A set of 26 frequently mutated or otherwise “interesting” genes were selected, and these genes were sequenced in a larger group of 90 tumours using targeted amplicon re-sequencing.

Fifteen genes were discovered to be mutated in four or more tumours from the complete cohort of 116: these included three - MYO18B, SEMA5A and ABCB1 – that had not previously been associated with this tumour type.

If mutations in any of these genes occur at a boundary between two stages in the gradual progression from Barrett’s oesophagus to malignant disease, the genes concerned would be both biomarker candidates and potential targets for drugs for early stage cancer.

The researchers therefore sequenced the complete set of 26 genes in biopsy samples from 79 Barrett’s oesophagus patients undergoing regular surveillance for progression to cancer.

There was no evidence of progression towards cancer in 40 of these individuals: the other 39 had already been diagnosed with high-grade dysplasia (HGD), which is the disease stage immediately preceding malignancy.

Unexpectedly, almost all genes tested were mutated at approximately the same rate in both groups of Barrett’s oesophagus samples and in the tumour samples, indicating that these mutations occurred at an extremely early stage.

Only two genes were mutated at distinctly different frequencies in the three groups: mutations in TP53 occurred disproportionately often in HGD and tumour samples, and mutations in SMAD4 in tumour samples only.

The researchers therefore considered that mutations in TP53 might be used to discriminate between low risk and high risk Barrett’s oesophagus cases, and developed a prototype diagnostic test using this gene as a biomarker.

This test used a non-endoscopic device, the Cytosponge, to collect cell samples covering the whole oesophagus length from Barrett’s oesophagus patients with and without dysplasia and healthy controls.

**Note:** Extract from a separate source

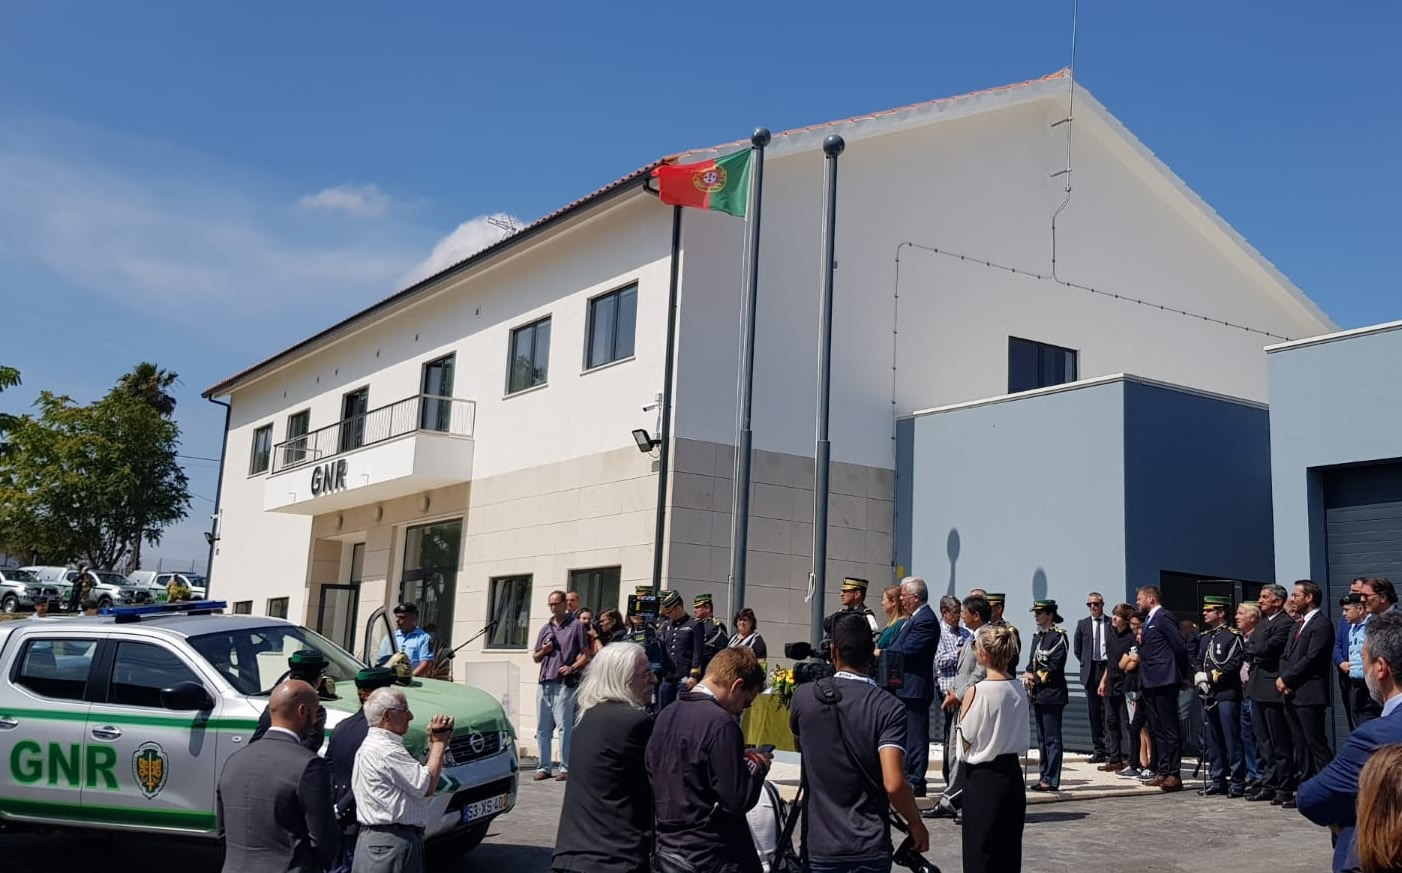 Inauguration du nouveau siège de GNR de Alcanena

Amplification and sequencing of TP53 showed mutations in this gene in 19 of 22 cases of HGD but in no other samples, confirming the association between this gene and transition to high grade dysplasia.

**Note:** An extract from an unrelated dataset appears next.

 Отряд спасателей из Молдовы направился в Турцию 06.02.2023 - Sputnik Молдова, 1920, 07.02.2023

Furthermore, the researchers concluded that the identification of many genes that are mutated very early in the progression to oesophageal adenocarcinoma is likely to have profound implications for its diagnosis and treatment.

Reference

Weaver, J.M.J., Ross-Innes, C.S., Shannon, N. and 25 others, and the OCCAMS Consortium (2014). Ordering of mutations in preinvasive disease stages of esophageal carcinogenesis. Nature Genetics, published online ahead of print 22 June 2014.